_Items listed in a dataset_
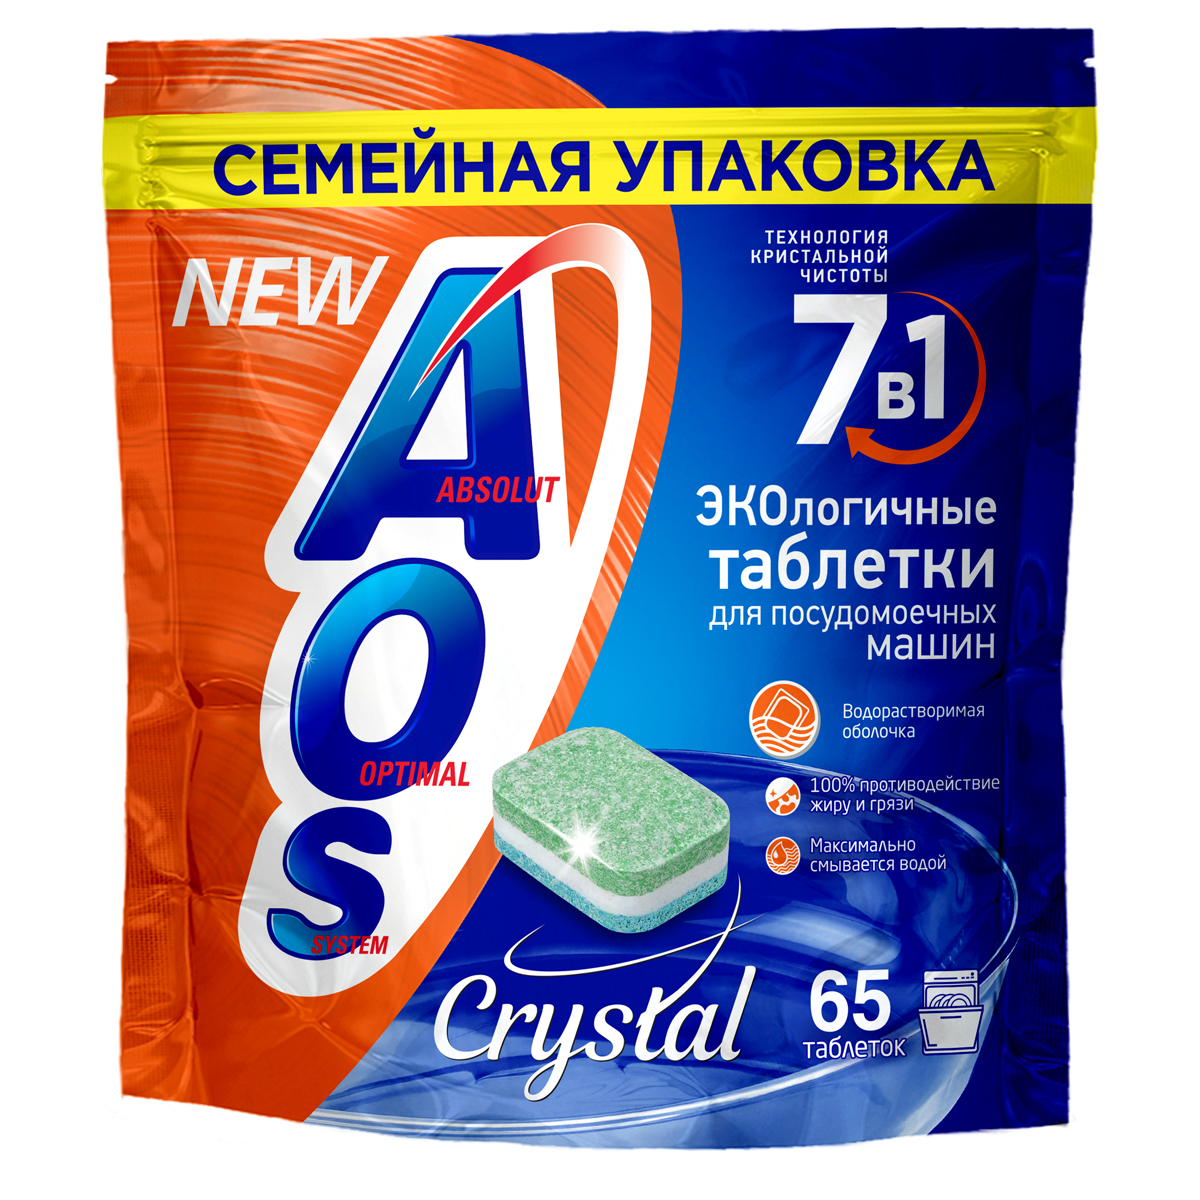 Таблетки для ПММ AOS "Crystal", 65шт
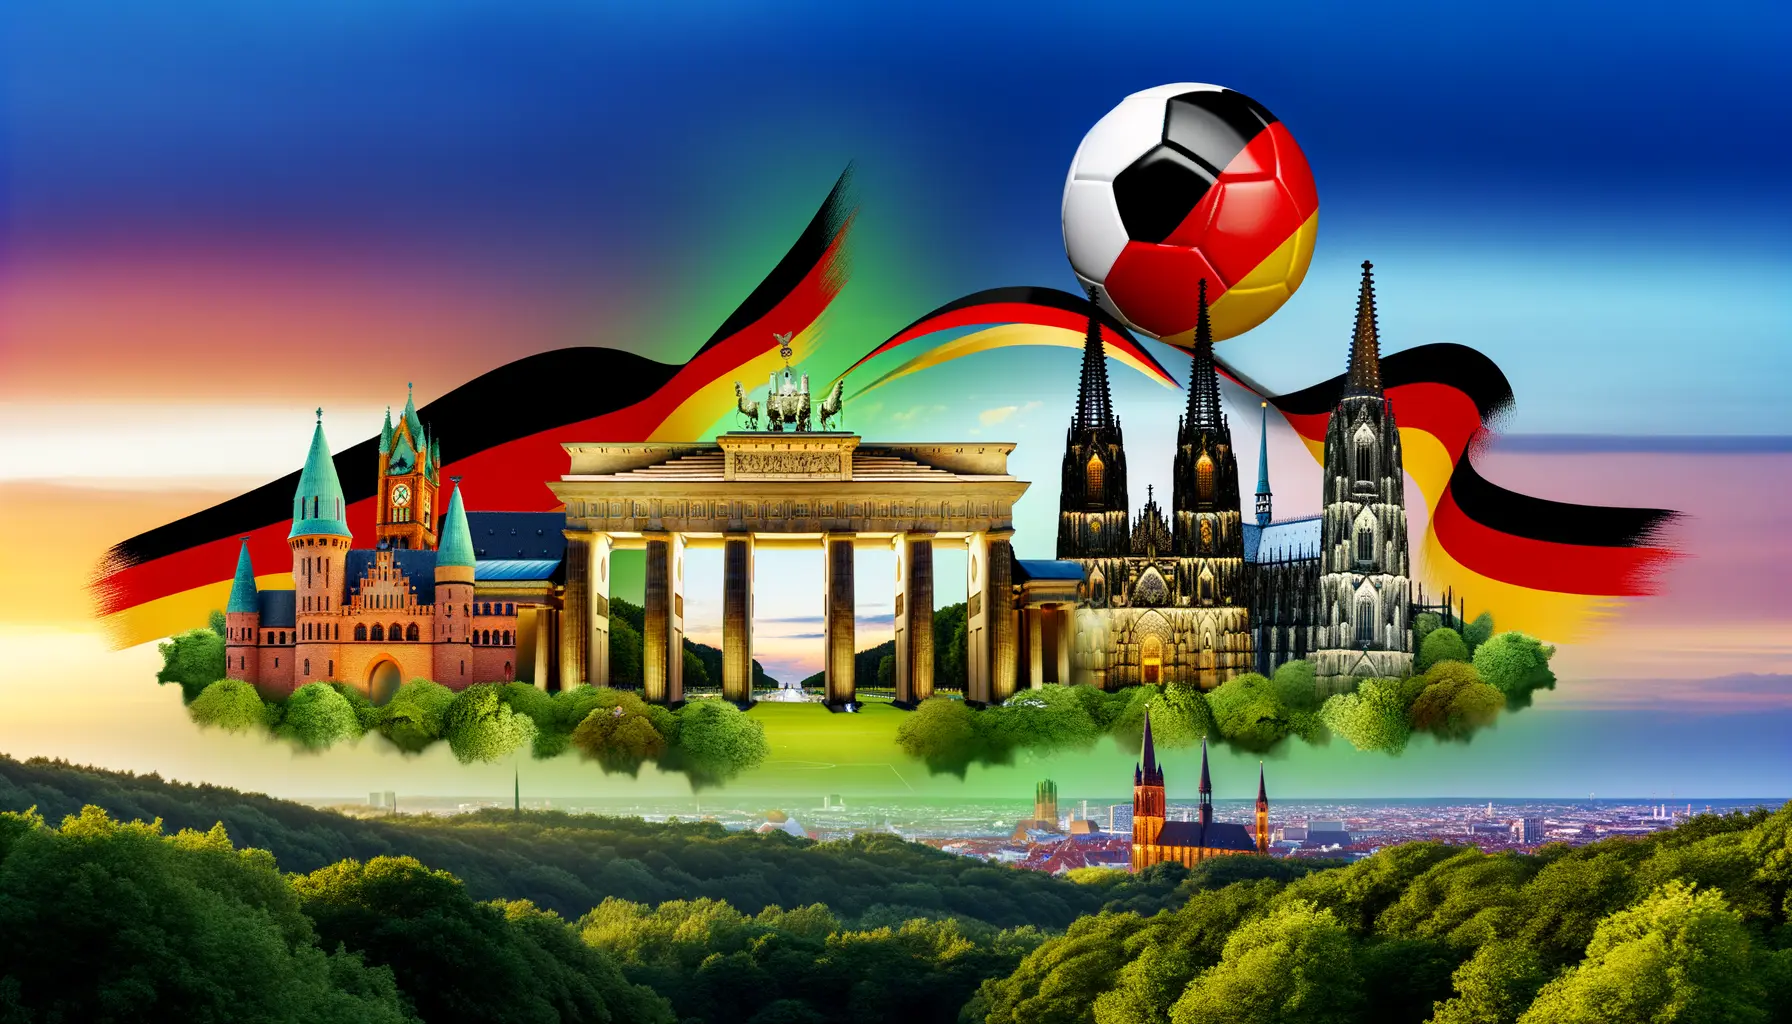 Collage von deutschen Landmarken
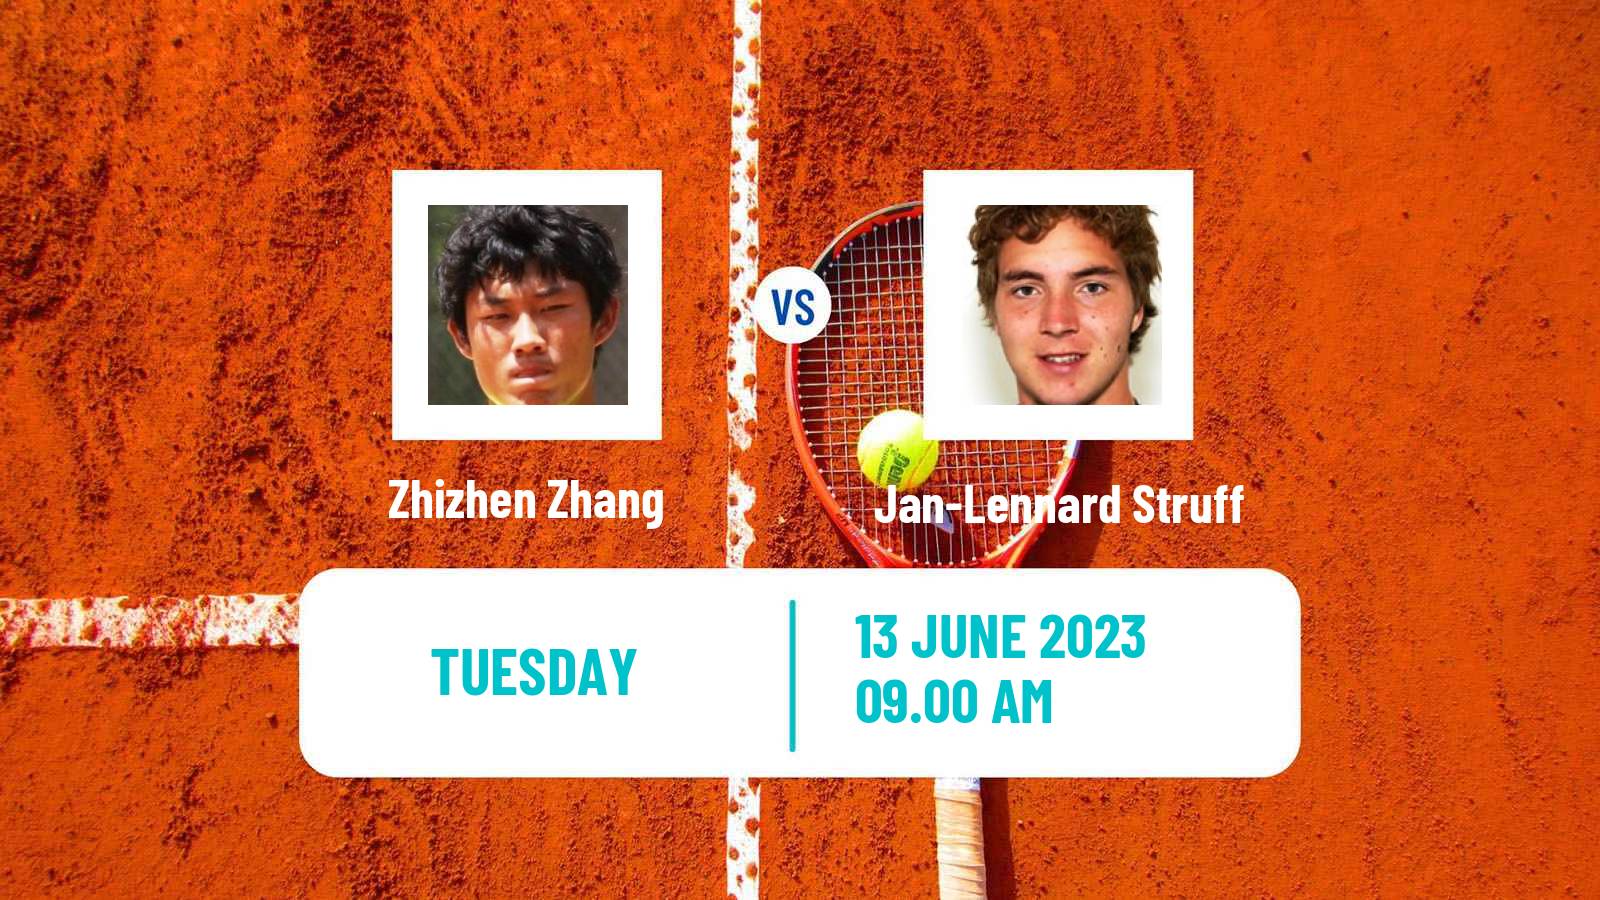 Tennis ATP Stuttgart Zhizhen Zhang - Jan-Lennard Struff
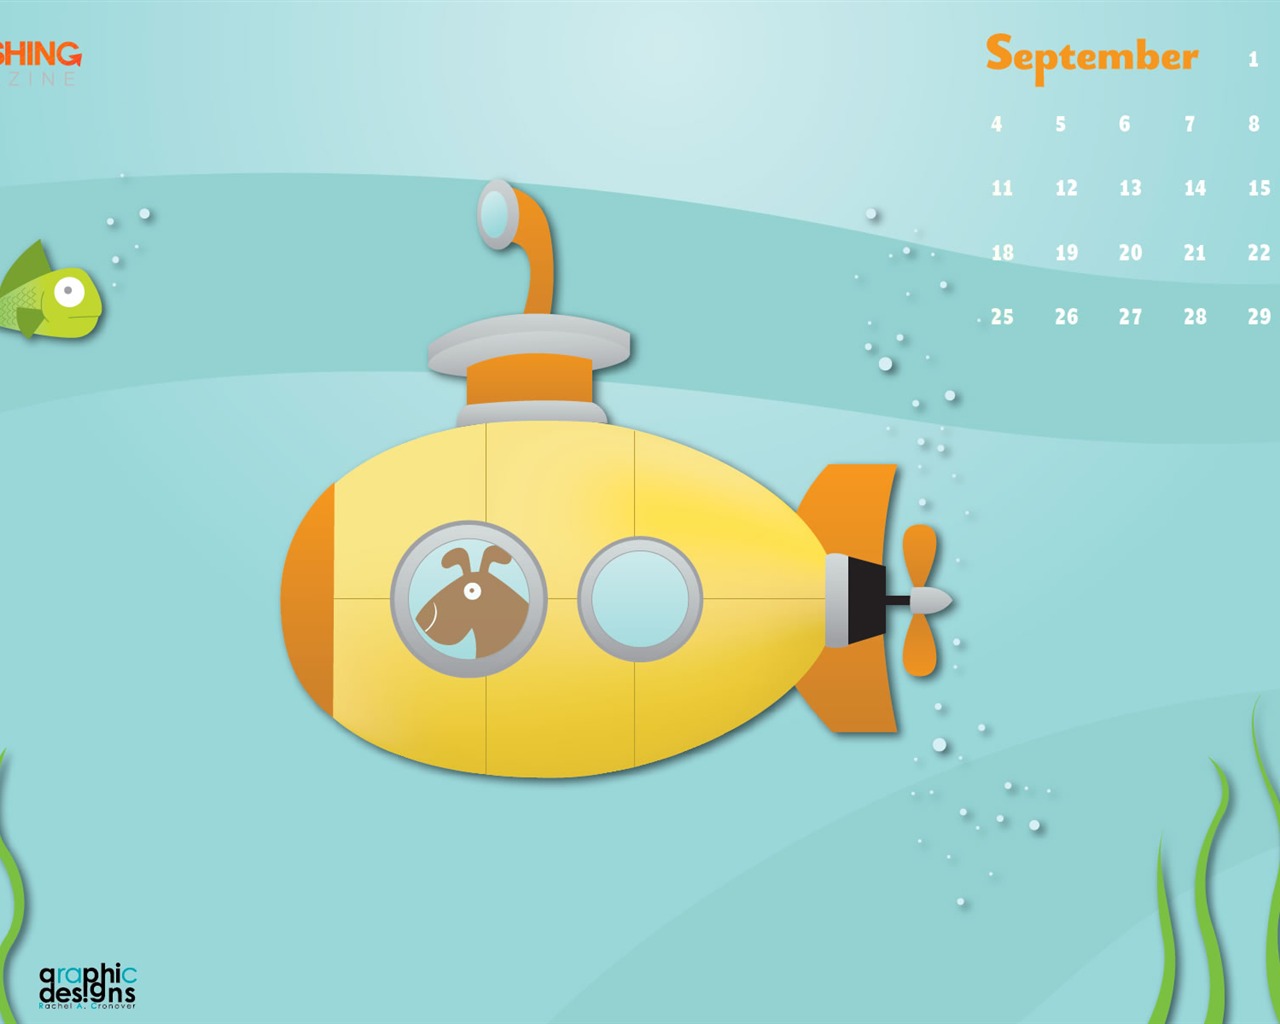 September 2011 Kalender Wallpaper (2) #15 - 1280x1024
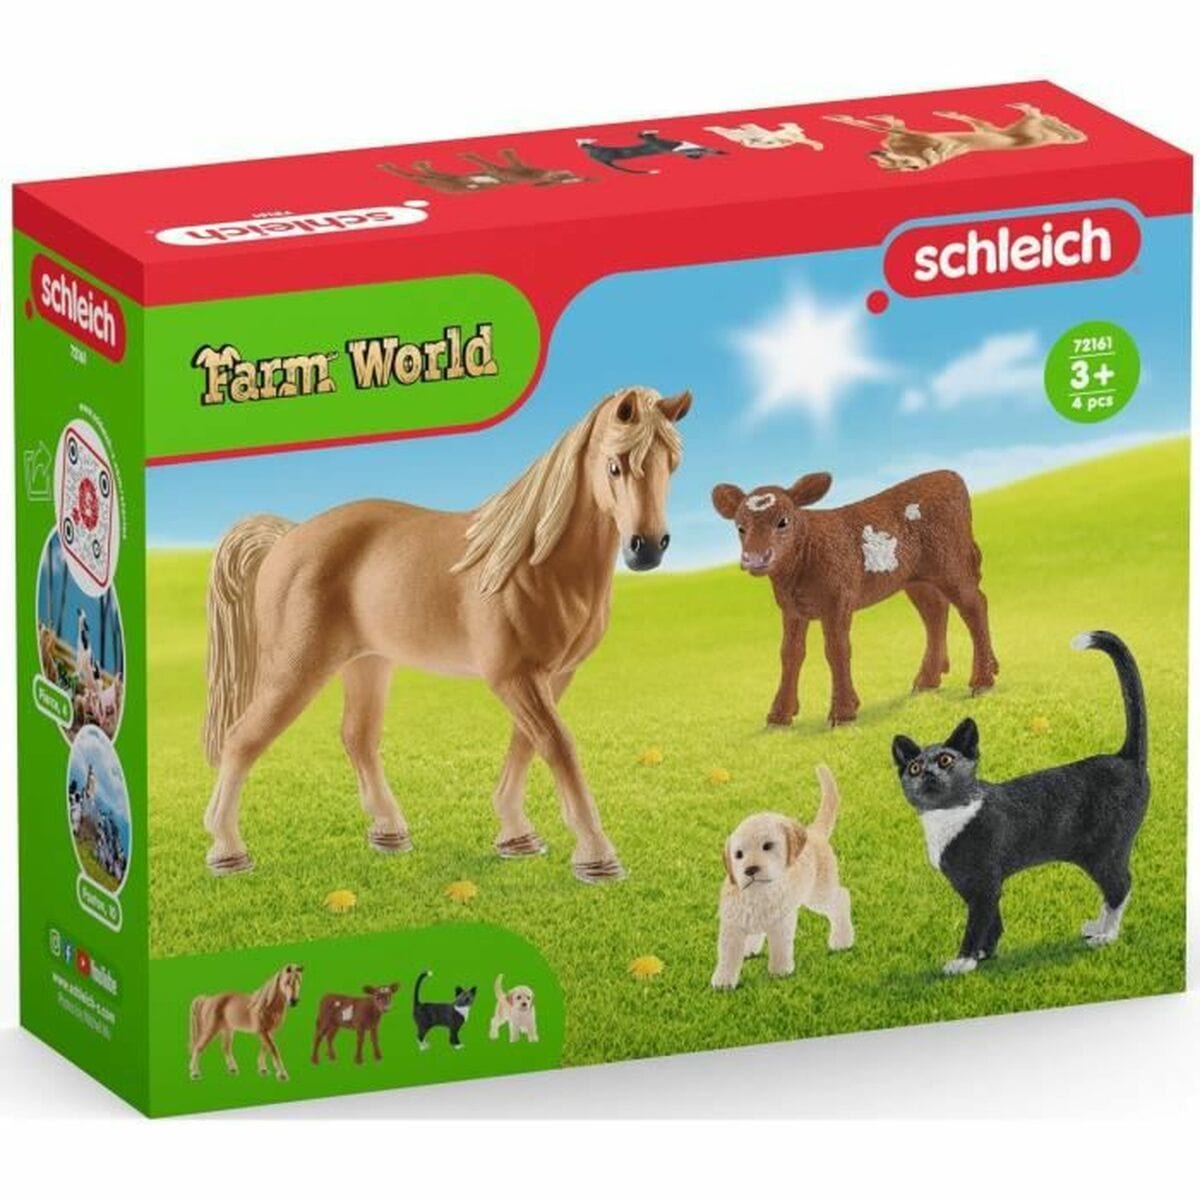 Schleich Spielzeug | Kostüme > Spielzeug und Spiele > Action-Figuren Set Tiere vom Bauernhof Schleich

_Work instruction_
Please transcribe exactly the line containing "Collage von deutschen Landmarken" and every later line through the end of the records above, omitting pictures.

_Problem solution_
 Collage von deutschen Landmarken
 Tennis ATP Stuttgart Zhizhen Zhang - Jan-Lennard Struff
 September 2011 Kalender Wallpaper (2) #15 - 1280x1024
 Schleich Spielzeug | Kostüme > Spielzeug und Spiele > Action-Figuren Set Tiere vom Bauernhof Schleich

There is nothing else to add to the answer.